La respuesta de Naomi fue un grito dentro de su boca mientras él la besaba, tragándose sus gemidos mientras su cuerpo se apretaba a su alrededor como un tornillo.
Y entonces
Rava se acercó más.
Sus tentáculos se deslizaron por las sábanas, luego treparon por los muslos de Lux como cuerdas vivientes de seda, enroscándose alrededor de sus caderas.
Uno se enroscó abajo—acariciando la base de su miembro cada vez que embestía a Naomi—mientras otro se envolvía firmemente alrededor de su pecho, provocando sus abdominales con ligeros toques.

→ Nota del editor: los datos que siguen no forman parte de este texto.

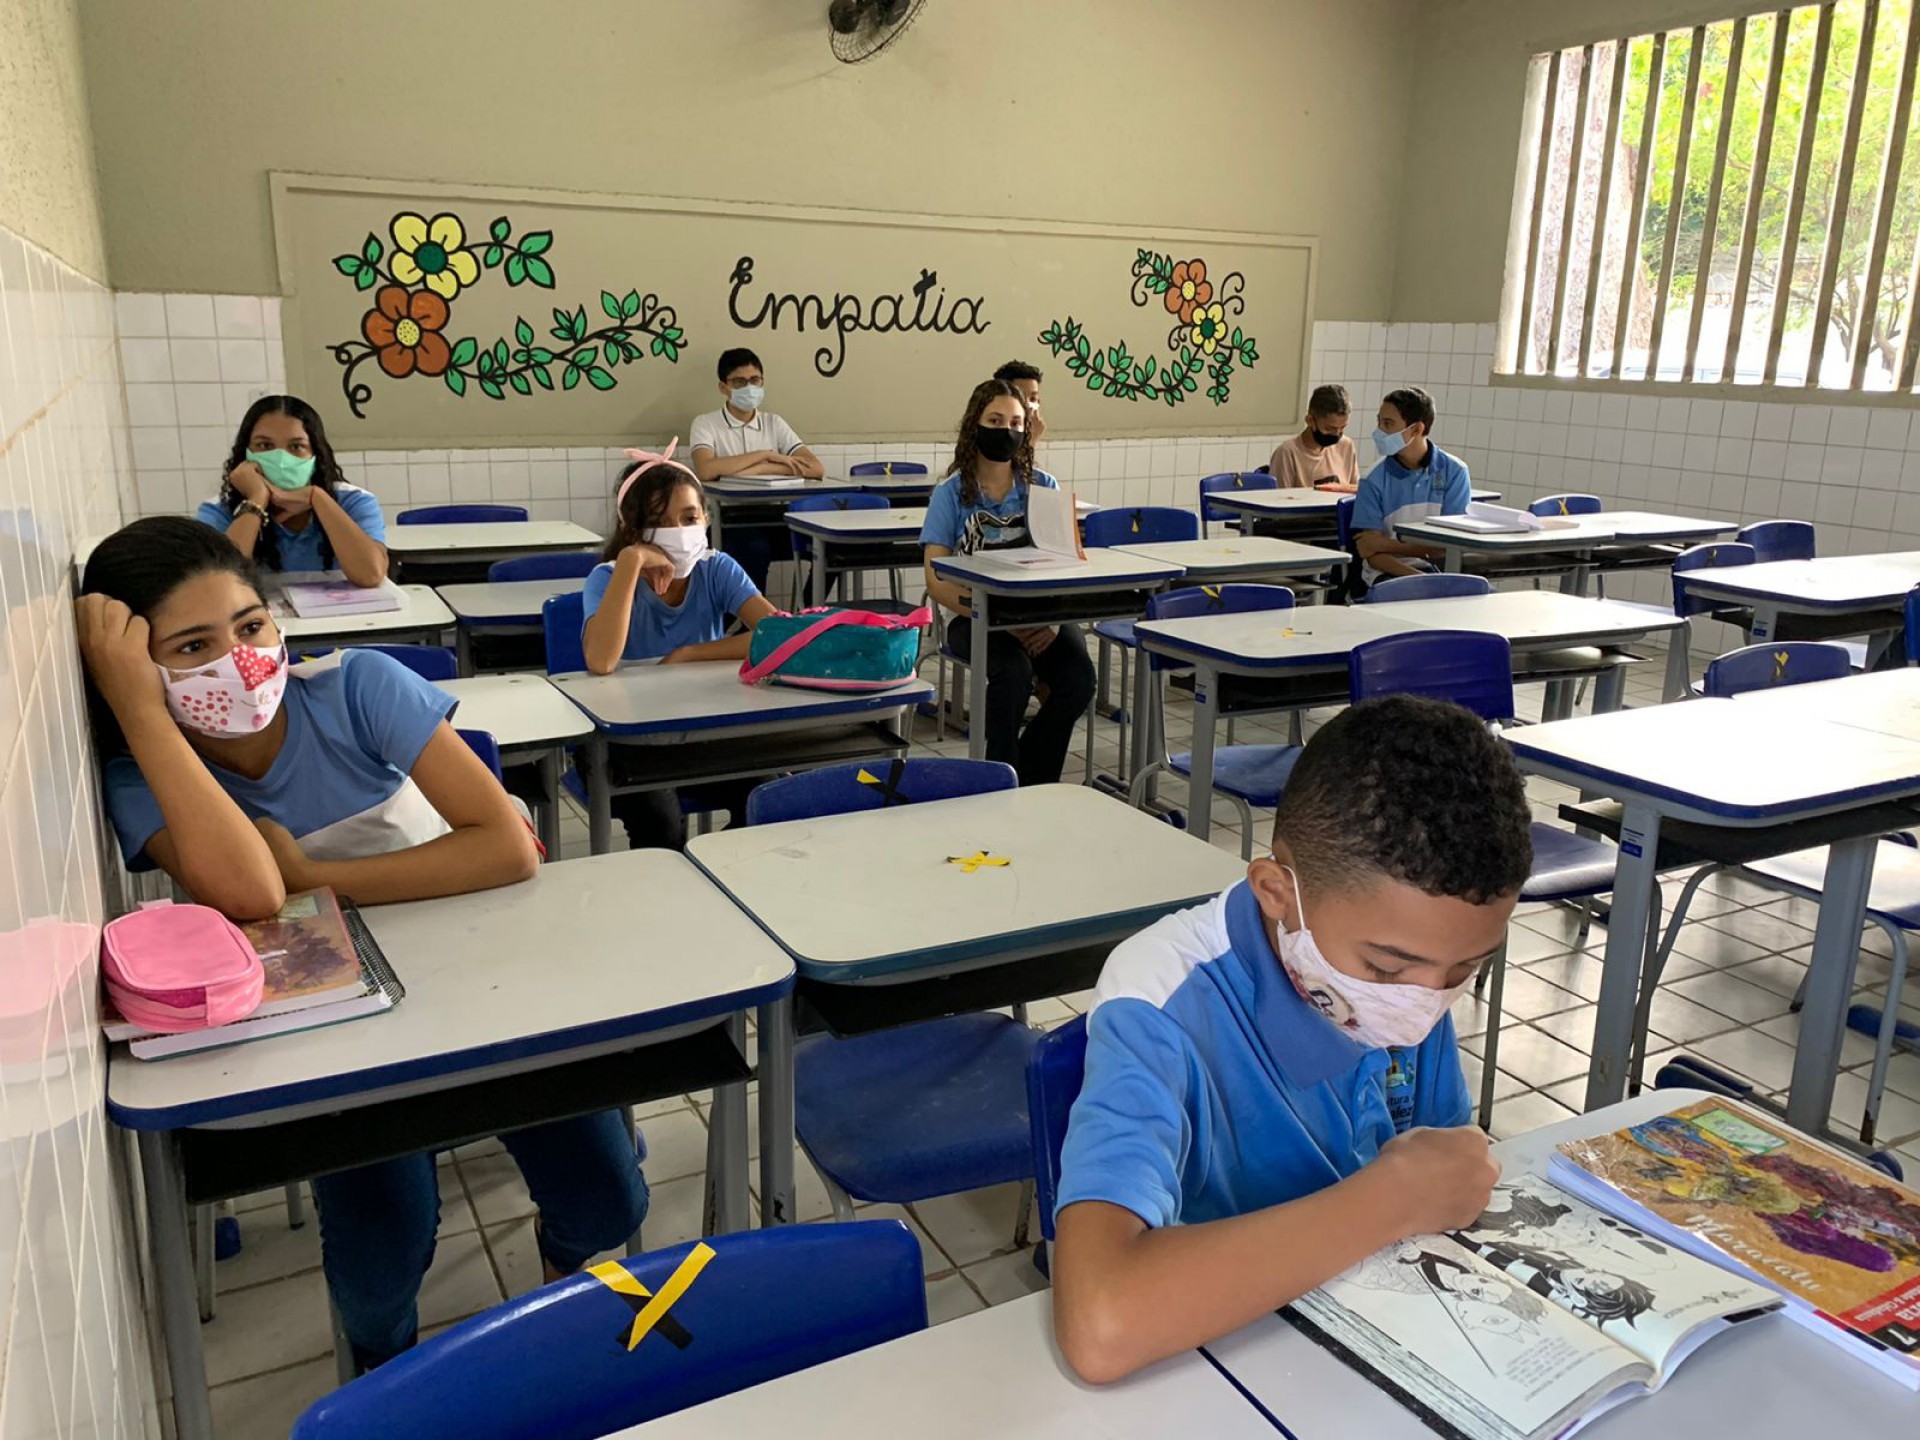 Retoma das aulas na Escola Municipal Demócrito Rocha, em Messejana (Foto: Gabriel Borges/O POVO)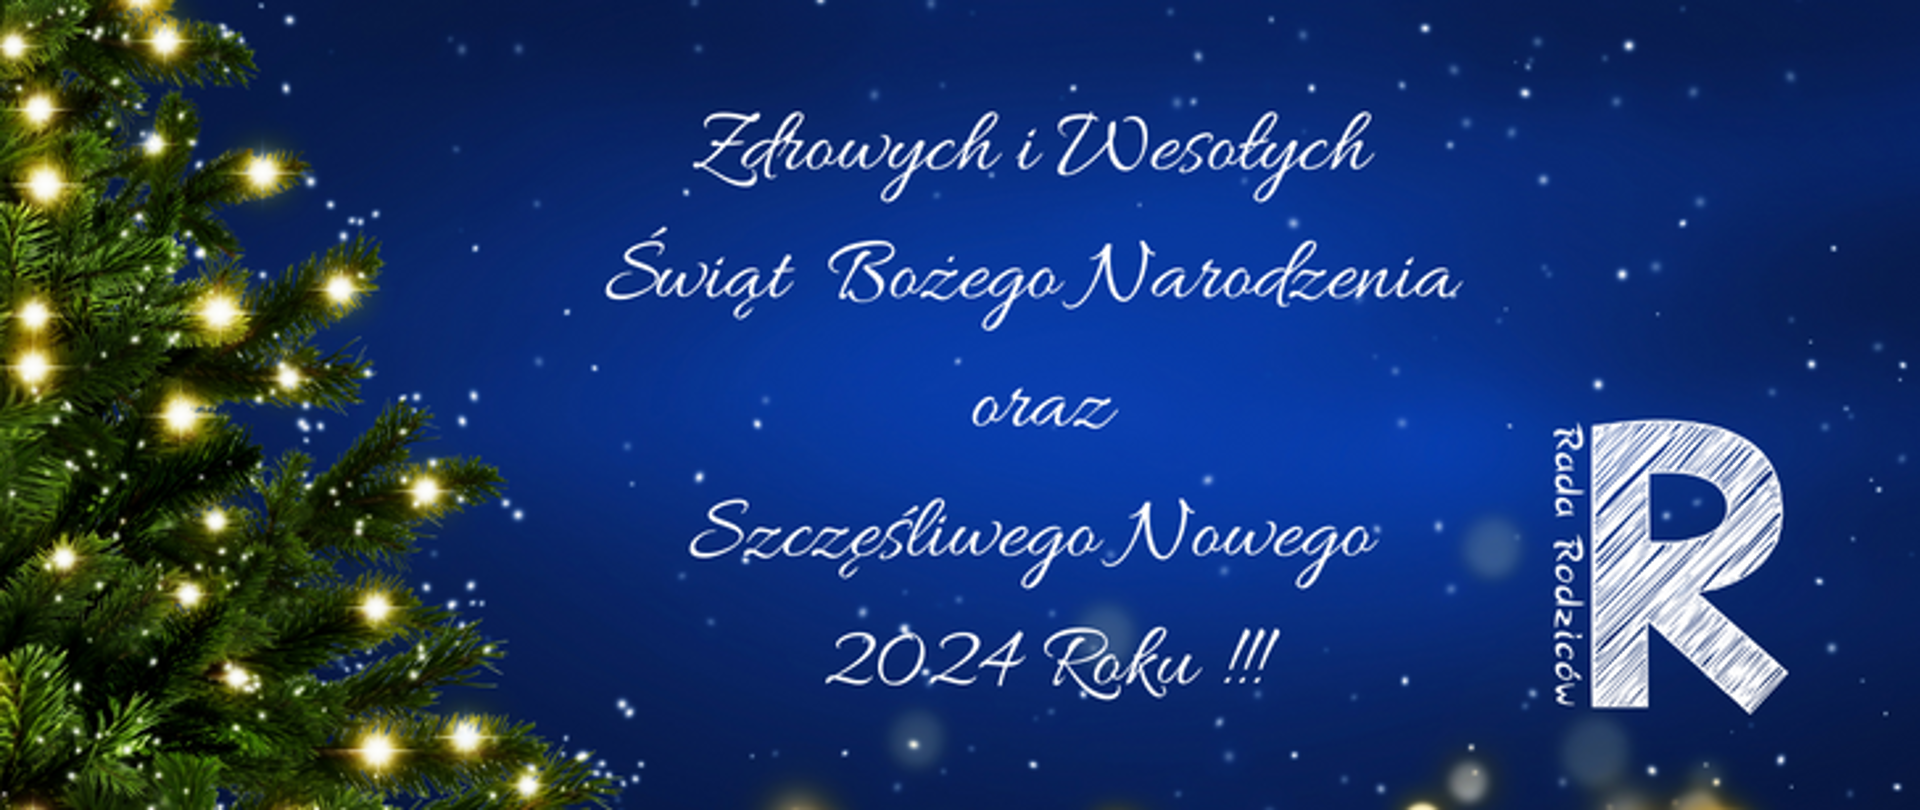 Na granatowym tle fragment zielonej choinki oraz napis: Zdrowych i Wesołych Świąt Bożego Narodzenia oraz Szczęśliwego Nowego 2024 Roku !!!po prawej stronie logo Rady Rodziców

Lux gimió, sus caderas titubeando por un momento antes de recuperar el ritmo nuevamente. El contraste era embriagador—Naomi debajo de él, gimiendo en delirio mientras la llenaba, mientras que las extremidades húmedas y retorcidas de Rava provocaban cada nervio de su cuerpo como si tuvieran información privilegiada de sus debilidades.
—Ustedes dos… —jadeó Lux, sonriendo a pesar de su respiración entrecortada—, van a llevarme a la bancarrota de resistencia. —Sin embargo, su sonrisa se ensanchó.
Rava le sonrió, sus labios brillantes mientras uno de sus tentáculos se deslizaba más alto, acariciando a lo largo de su mandíbula antes de enroscarse posesivamente alrededor de su garganta—no apretado, solo con la presión suficiente para recordarle que ella estaba allí.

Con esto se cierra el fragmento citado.